And, Now, Today's Pfennig For Your Thoughts!

Draghi Throws The Euro Under The Bus!

Good day. And a Happy Friday to one and all! Well, I made it through the week! It was questionable the other night, but I made it! Little Delaney Grace stayed all night with us last night, so her and Mimi (Kathy) can spend the day together. She is so darn cute, and smart. And she's a non-stop talker, question asker, and quick to comment on what she observes, little girl! The Northeast is preparing for a blizzard, so be careful and respect Old Man Winter!

Well. so much for statistics! I sat here yesterday, and told you that I didn't think ECB President Mario Draghi would mention the strength of the euro. And then pointed to statistics showing that in the past 170 ECB meetings the euro was only mentioned 15 times. And then guess what Draghi did? Yep! He signaled that "policy makers are concerned that the euro's advance could damp inflation and hamper an economic recovery."
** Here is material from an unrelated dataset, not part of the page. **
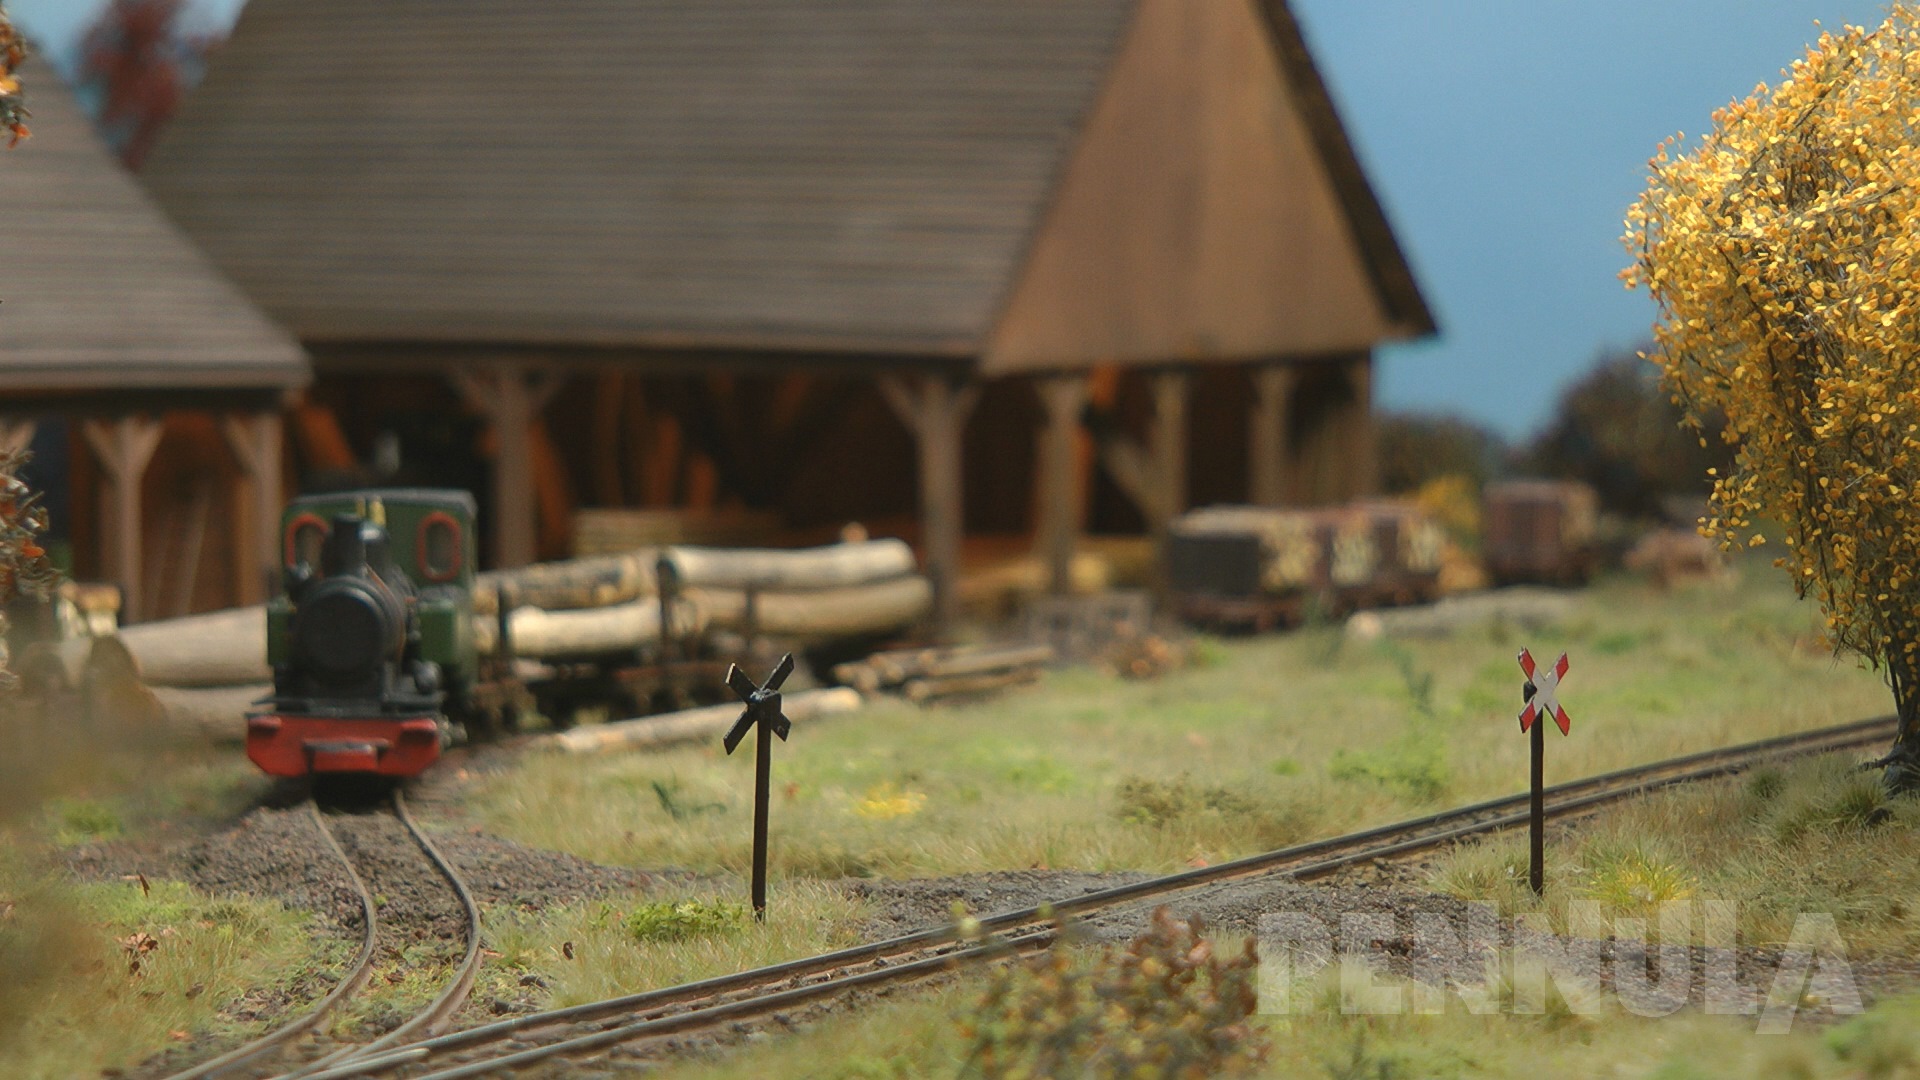 Eisenbahn im Wald mit Sägewerk - H0 Schmalspur Modellbahn Diorama aus Belgien

And the euro dropped like a rock! I was in my interview with the International Business writer, and came out to see the euro heading toward a 1-cent decline. within 30 minutes later, it was down $1.30! YIKES! So, much for all that talk by Draghi a few months ago, about defending the value of the euro, eh?
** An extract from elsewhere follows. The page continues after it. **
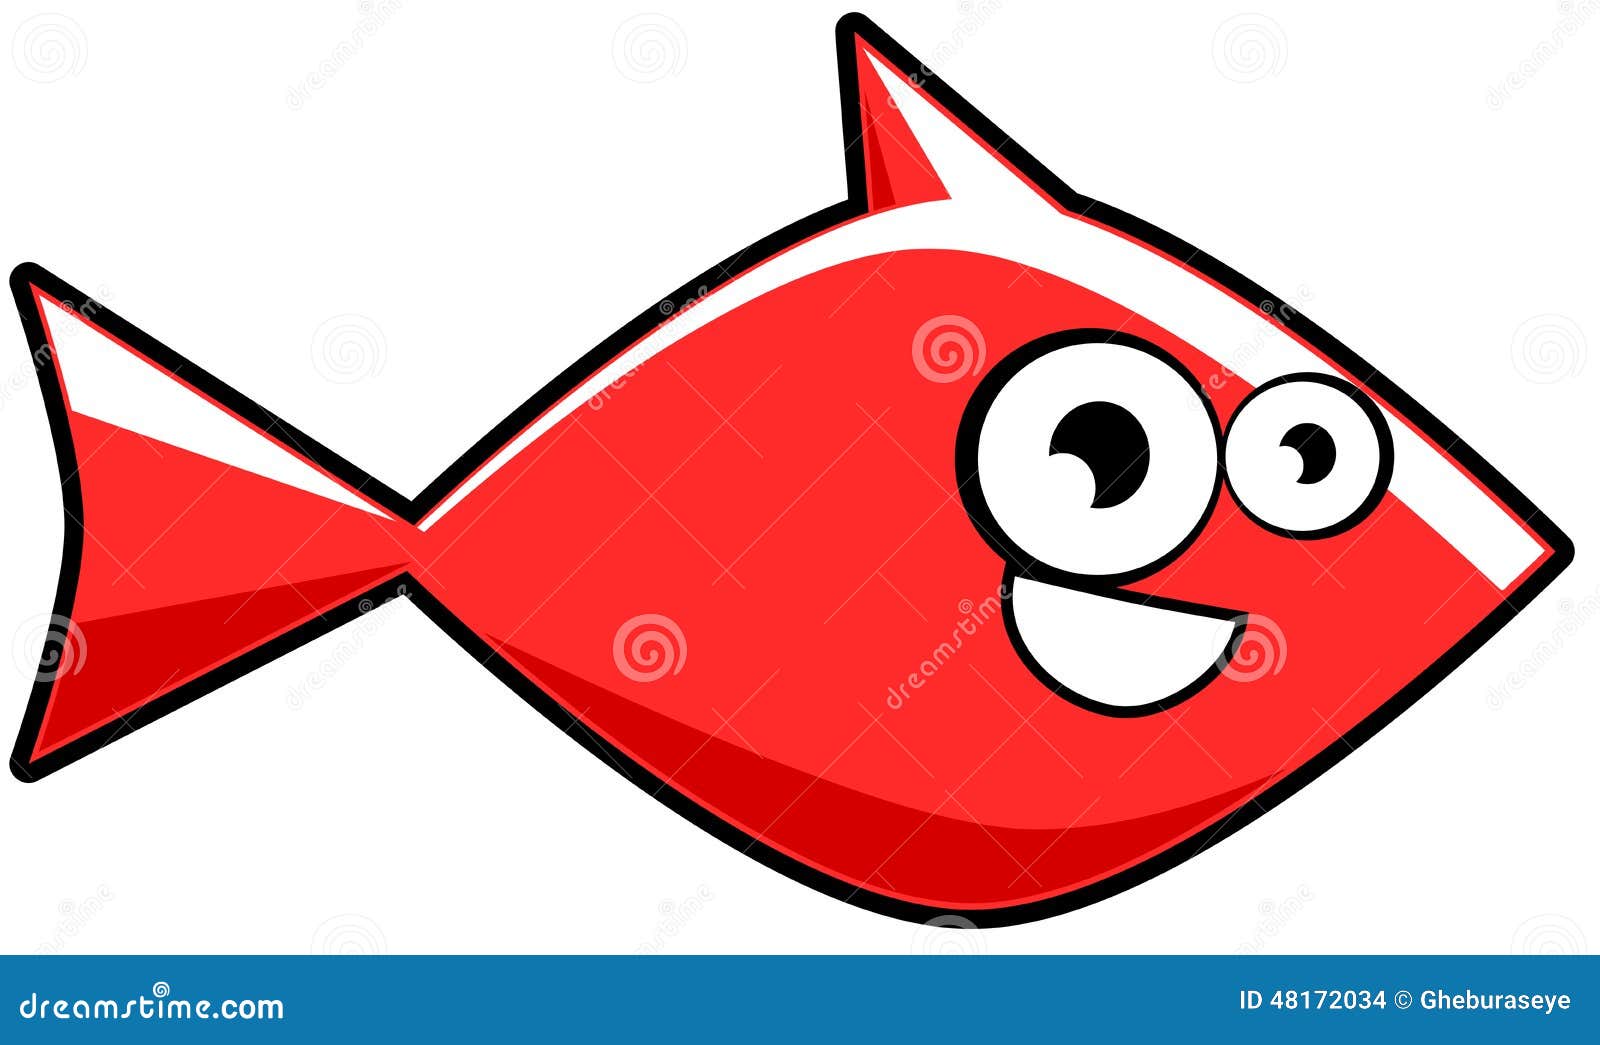 Cartoon goldfish isolated stock vector. Image of goldfish - 48172034

It just shows to go you, that these Central Bankers will say whatever works for them at that time. The euro is attempting to work itself back onto the rally tracks this morning, but the sting from Draghi's words is still being felt. The euro also got a lift late yesterday when it was announced that the European Central Bank (ECB) had agreed to ease the terms under which the Irish Gov't. repays some 31 Billion euros of debts it incurred in support of its stricken banking system.

The Irish Gov't hopes the agreement will smooth the way for a return to the international bond markets in 2014, which would bring to an end Ireland's reliance on loans from the IMF and European Union.. This is all good stuff for Ireland folks. and it looks like the rest of the world won't be kicking sand in Ireland's face too much longer!
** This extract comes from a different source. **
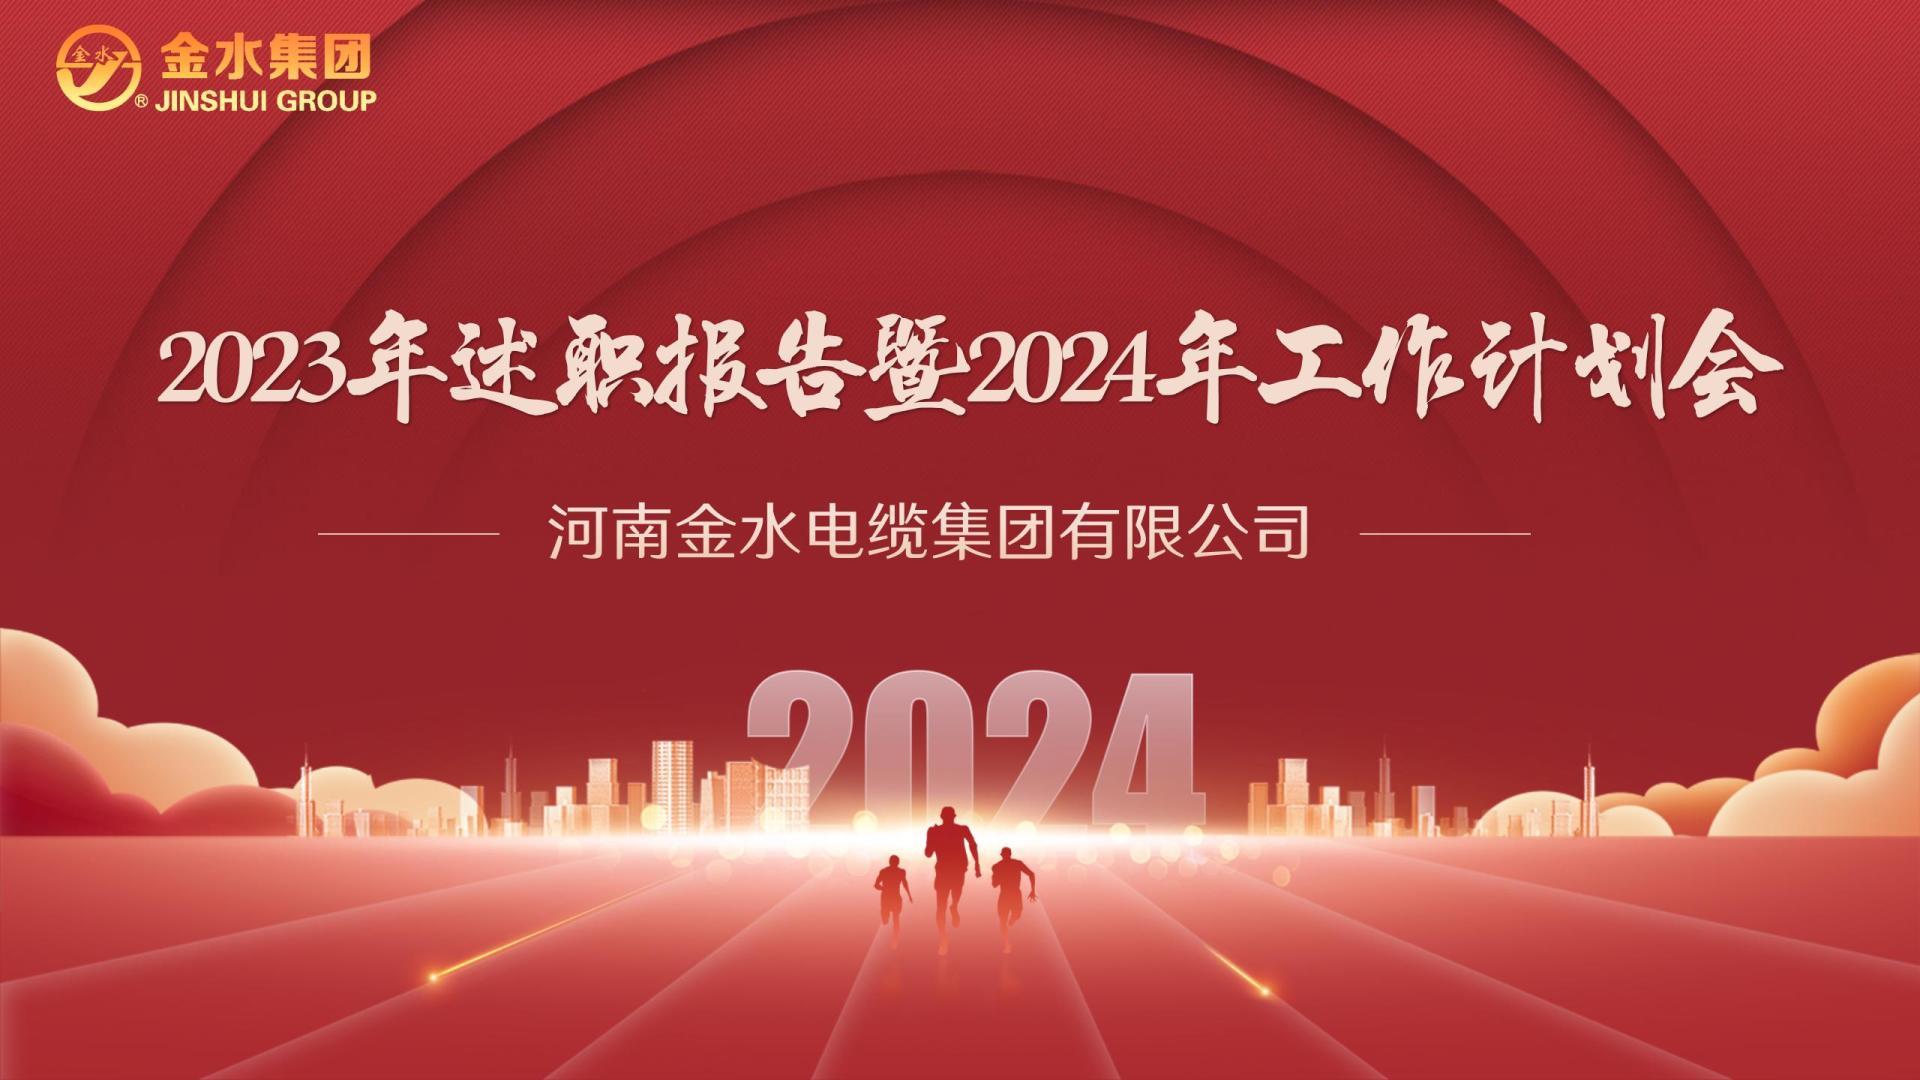 【金水动态】同心致远•向新而行----河南金水电缆集团2023年述职报告暨2024年工作计划会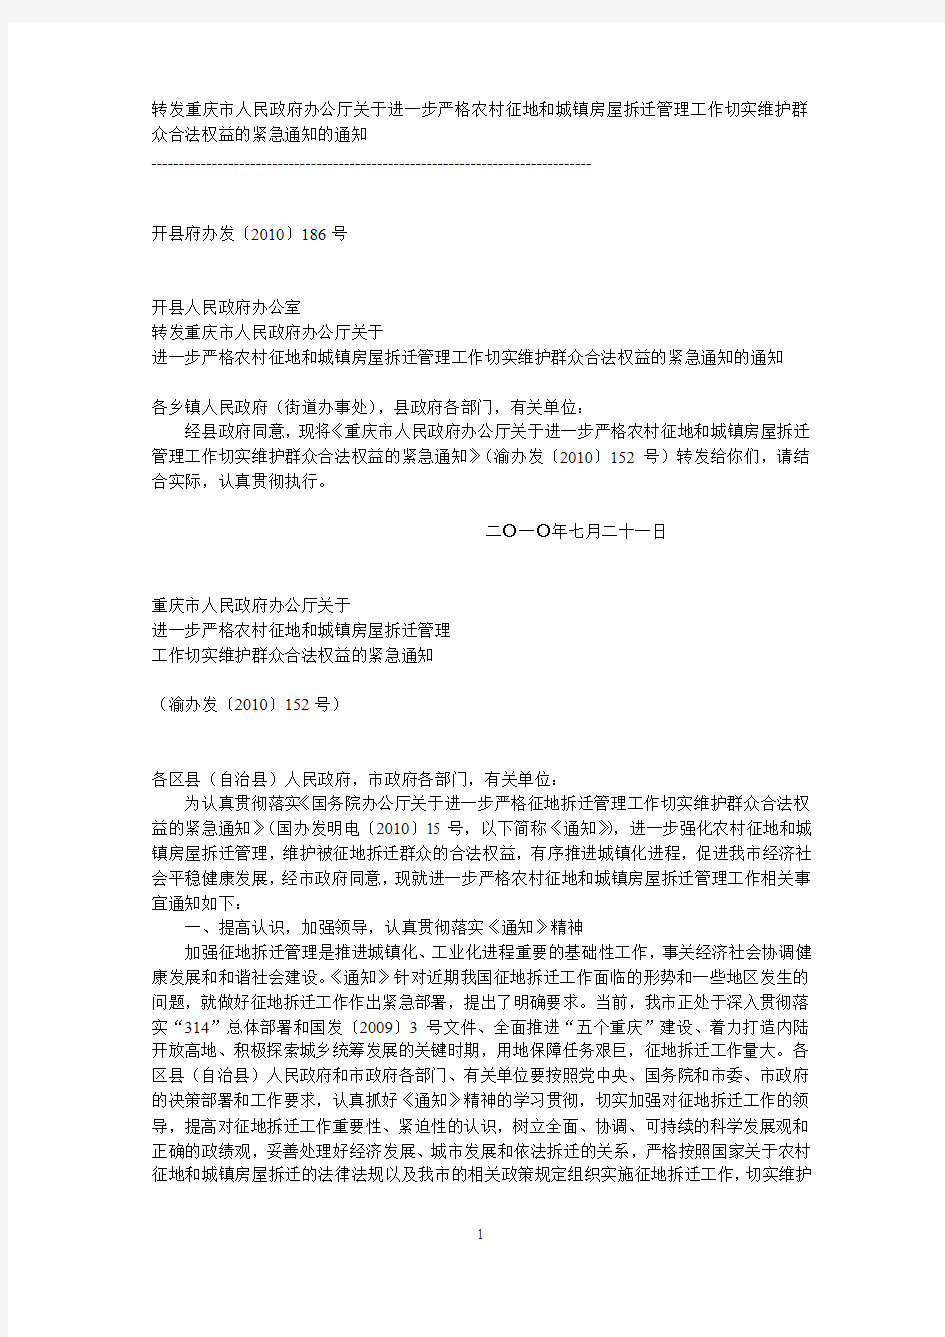 重庆市人民政府办公厅关于进一步严格农村征地和城镇房屋拆迁管理工作切实维护群众合法权益的紧急通知的

The Japanese yen is stronger this morning on the news overnight that Japanese Finance Minister (Fin Min) Aso, said that, "yen had weakened much more than we had hoped or expected" Those words surprised the markets, who were thinking that the 95-100 range would be where the Bank of Japan (BOJ) and Fin Min would like to see yen. Does this mean that the selling in yen is over for good? Hardly. I believe this is just a form of a circuit breaker, much like the ones the U.S. uses whenever the dollar appears to be heading over the cliff. The Japanese don't want the markets to believe that this is a One-Way street down for yen. For, if that was the case, the momentum would carry yen far weaker than the Japanese leaders want to see.

The Aussie dollar (A$) put an end to the selling last night, after the Chinese printed their latest Trade Balance report. China's Trade Balance remained a surplus, and beat expectations printing at $29.15 Billion (VS $24.7 Billion forecast). This report signaled that China's economic recovery is still working its way through, and long time readers of the Pfennig know all too well that a strong Chinese economy will cure all that ails the A$...

So much so that the Chinese Trade Surplus was enough to offset the damage that the Reserve Bank of Australia (RBA) was attempting to inflict on the A$ by reducing their economic growth and inflation outlooks. They also made mention that the strength of the A$ was keeping growth down.. Hmmm. here we go again, right? Another Central Bank, crying in their beer about their strong currency.

Closer to home. Canada will print their January employment data today. In recent prints the strength of the jobs market has outpaced the forecasts, and the forecast for today's report is again for a weak report. The Canadian jobs market has generated net new jobs at what I believe to be a good strong pace of 37,500 per month since July. But all good things must come to an end, right? I'm on the fence with this report, as part of me says the good, strong pace will continue, and the other part says, this is the month that it falters.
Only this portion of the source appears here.